La maladie d’Alzheimer est classiquement associée à l’accumulation de protéines toxiques dans le cerveau ; ce phénomène étant décrit comme néfaste pour la survie des neurones. Pourtant, des recherches récentes suggèrent que le peptide amyloïde et la protéine Tau pourraient aussi jouer un rôle dans la défense immunitaire cérébrale. Face à certaines infections, ces protéines seraient mobilisées pour protéger les neurones. Une réponse utile au départ, mais potentiellement délétère lorsqu’elle devient chronique.

/ L’amyloïde au cœur de l’hypothèse de la protection antimicrobienne
La maladie d’Alzheimer se caractérise par l’accumulation progressive dans le cerveau d’une protéine appelée amyloïde-β, qui forme avec le temps des dépôts ou plaques amyloïdes. Des études génétiques ont montré que cette protéine joue un rôle central dans la maladie, notamment dans les formes héréditaires précoces. Cependant, la majorité des patients ne présentent pas ces mutations génétiques, et la production d’amyloïde-β y semble normale. Les modèles classiques expliquent alors la maladie par une tendance accrue de cette protéine à s’agréger avec l’âge et certains facteurs de risques génétiques.
Des recherches plus récentes remettent en question l’idée que cette agrégation soit uniquement pathologique. Elles suggèrent que l’amyloïde-β joue un rôle naturel dans le système immunitaire du cerveau, en aidant à piéger et neutraliser des agents pathogènes, comme les microbes.
Ces découvertes ont conduit à l’élaboration de « hypothèse de protection antimicrobienne », selon laquelle les dépôts amyloïdes seraient au départ une réponse immunitaire normale face à une infection. Toutefois, une activation prolongée de cette réponse pourrait entraîner une inflammation chronique suivie d’une dégénérescence irréversible des neurones. Cette nouvelle hypothèse complète, sans la contredire, l’hypothèse classique de la cascade amyloïde, qui place toujours l’amyloïde-β au cœur de la maladie d’Alzheimer.
/ Tau et herpès simplex de type 1
Qu’en est-il de la protéine Tau ? Joue-t-elle également un rôle dans l’hypothèse de protection antimicrobienne ? Une étude récente publiée dans la revue scientifique « Nature Neurosciences » semble répondre psotivement à cette interrogation.
La protéine tau est présente dans le cerveau et possède un rôle essentiel dans la structure et le fonctionnement des neurones. Elle aide notamment à stabiliser les microtubules, des éléments importants pour le transport à l’intérieur des cellules nerveuses. Dans certaines maladies appelées tauopathies, dont la maladie d’Alzheimer, la structure de la protéine Tau se modifie anormalement puis s’agrège. Ce phénomène est-il uniquement néfaste pour notre cerveau ou peut-il aider à la protection contre les agents pathogènes ?

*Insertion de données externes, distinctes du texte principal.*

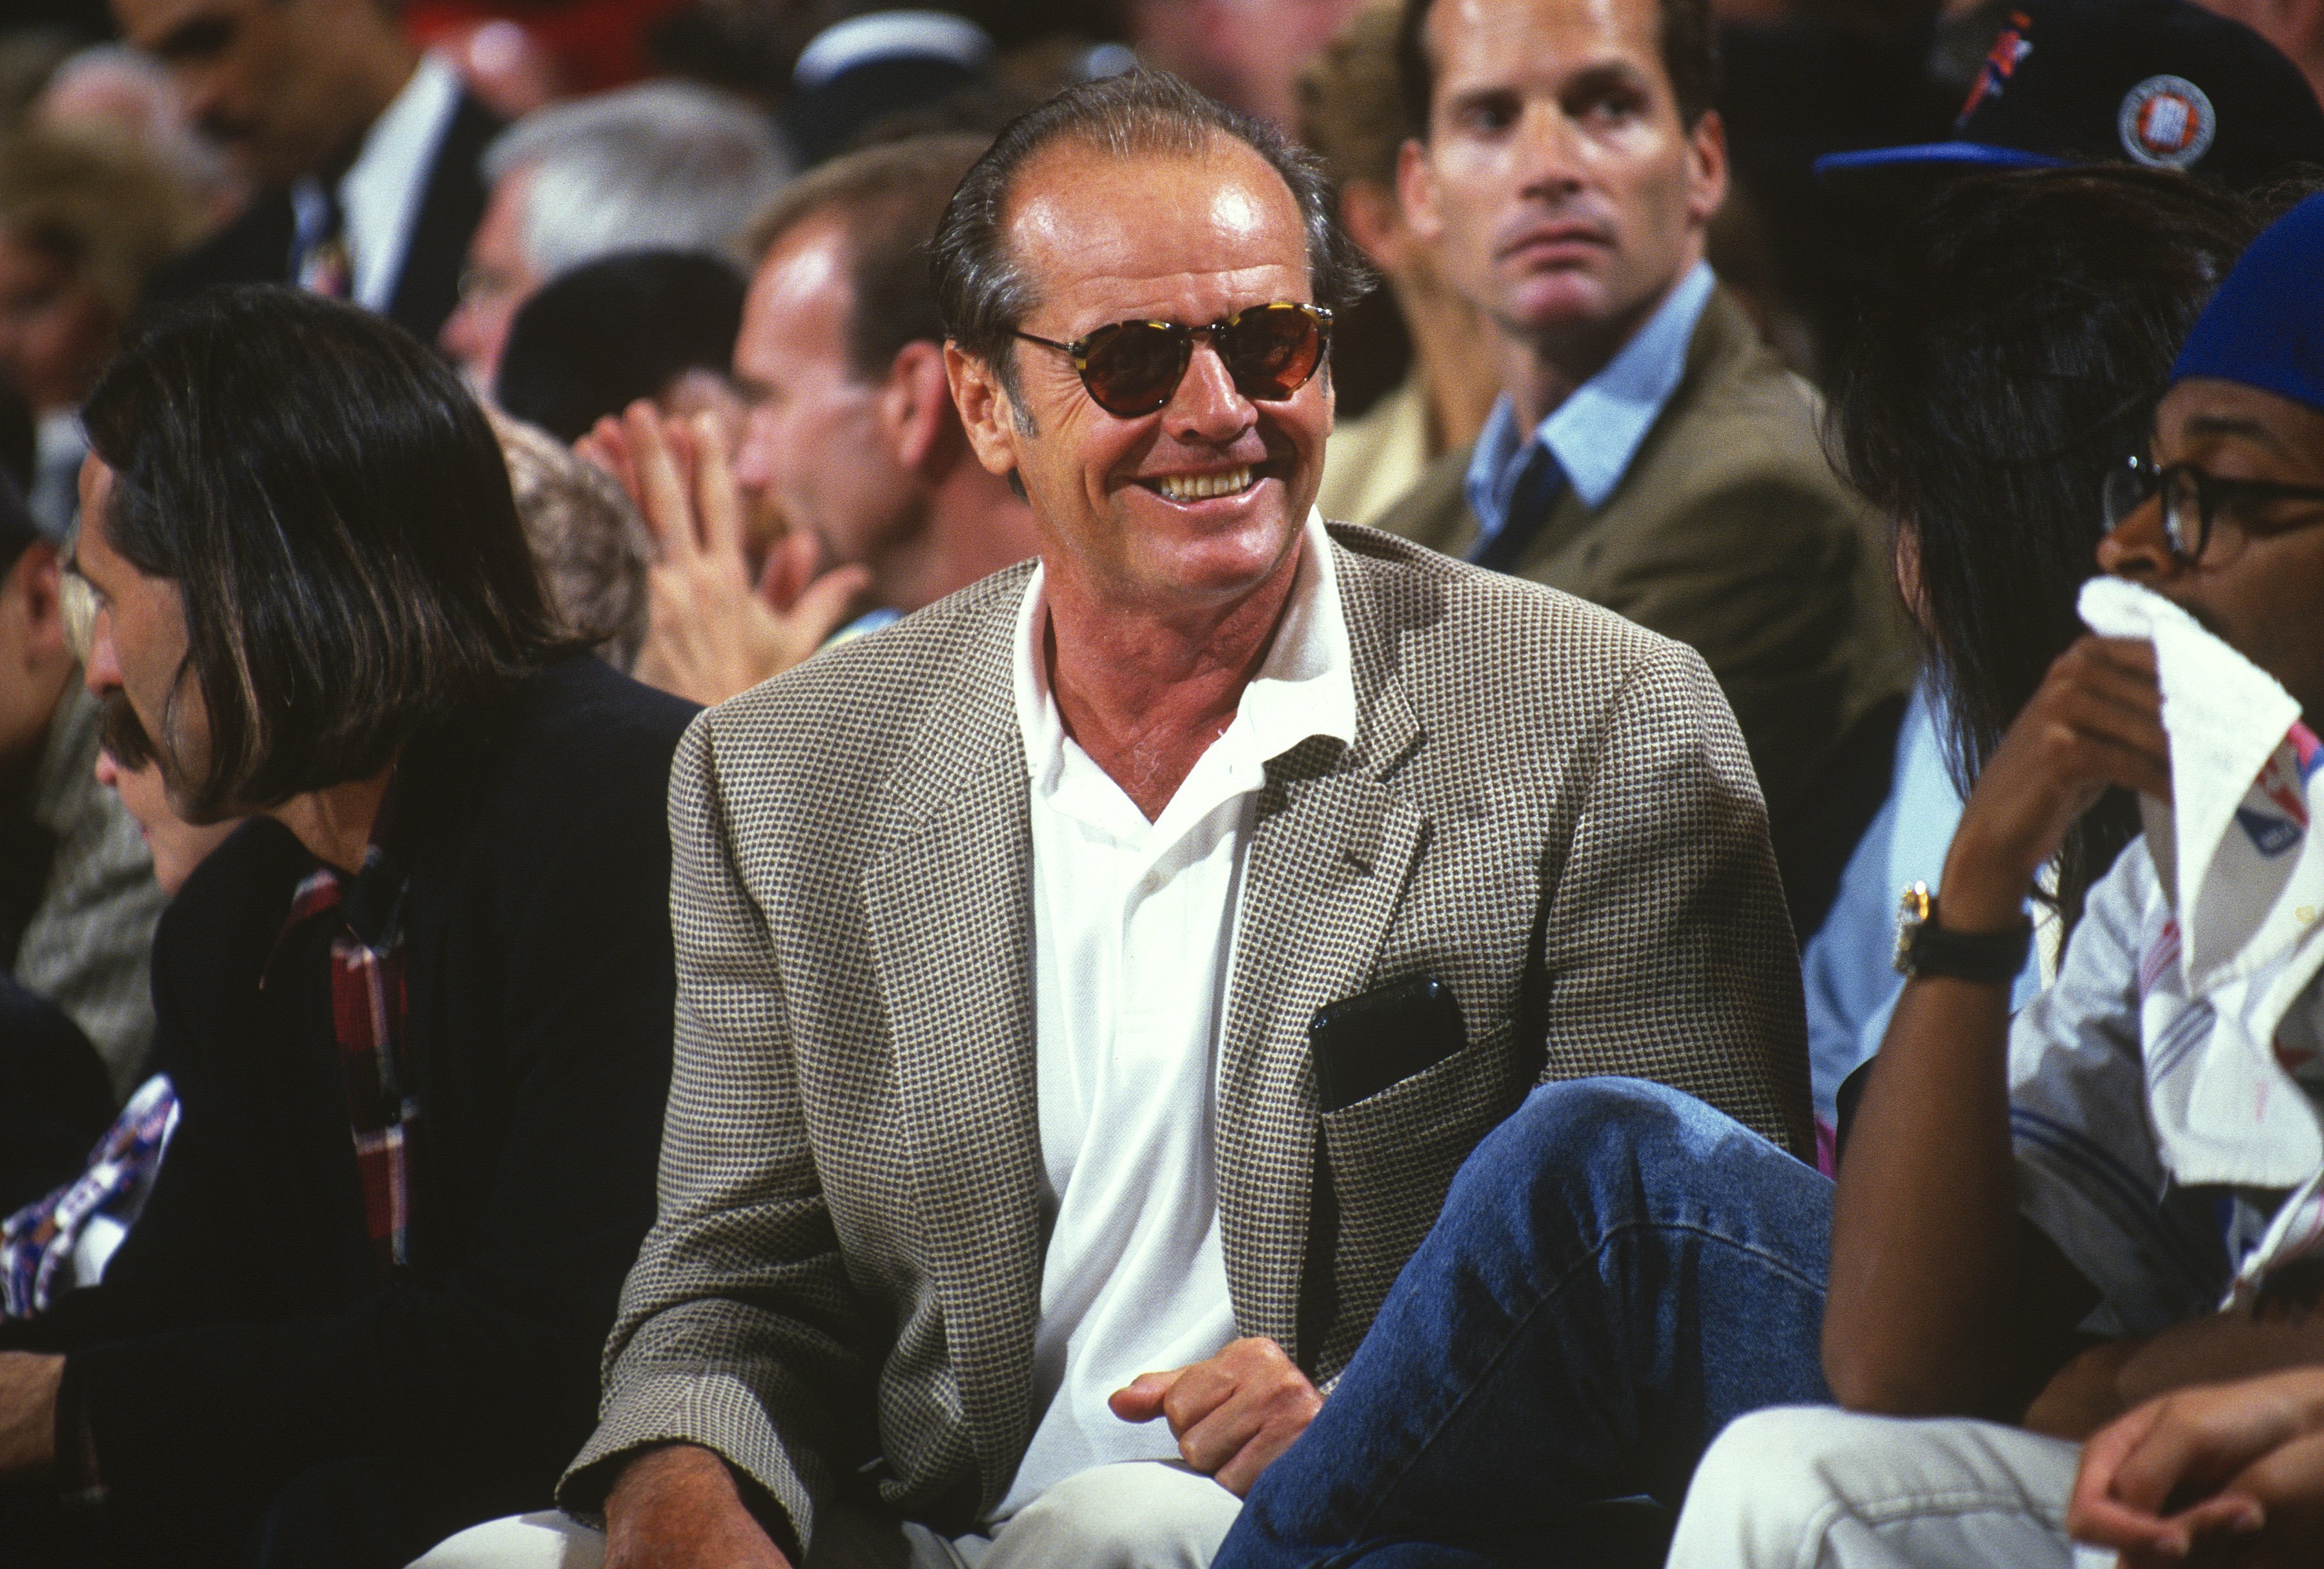 Jack Nicholson looks on during the 1994 NBA Finals between the Houston Rockets and the New York Knicks at Madison Square Garden in the Manhattan Borough of New York City circa 1994. | Source: Getty Images.

Des chercheurs ont utilisé un modèle cellulaire expérimental pour mieux comprendre le rôle de Tau lors d’infection par le virus de l’herpès simplex de type 1 (HSV-1), un virus très courant, responsable des boutons de fièvre. Il peut infecter l’organisme dès l’enfance et reste ensuite présent à l’état latent toute la vie. La plupart du temps, il est inoffensif et ne provoque que des symptômes légers ou même aucun symptôme. Dans de rares cas, il peut atteindre le cerveau et provoquer une infection grave appelée encéphalite herpétique.
Dans cette étude, les auteurs montrent que la structure de la protéine Tau se modifie dans les neurones en réponse à une infection virale, comme dans la maladie d’Alzheimer. Ils observent également que la protéine Tau peut se lier directement aux particules du virus HSV-1 et réduire sa capacité à infecter les cellules.
/ Quel est donc le rôle de Tau dans cette hypothèse ?
Les résultats de cette nouvelle étude suggèrent donc que les modifications structurales de la protéine Tau, généralement considérées comme pathologiques, pourraient faire partie elles aussi d’une réponse antivirale normale du cerveau, comme c’est le cas pour l’amyloïde. Dans ce contexte, Tau agirait comme une protéine de défense du système immunitaire inné.
L’action combinée du peptide amyloïde et de la protéine tau modifiée, associée à une inflammation du cerveau, pourrait ainsi correspondre à une réponse immunitaire normale et coordonnée face à des infections microbiennes cérébrales, mais dont l’action à long terme pourrait participer au développement de la maladie d’Alzheimer. Cette découverte renforce ainsi l’hypothèse déjà formulée de la protection antimicrobienne par les acteurs majeurs de la maladie d’Alzheimer, amyloïde et Tau et ouvre de nouvelles perspectives dans la compréhension et la lutte contre cette terrible maladie.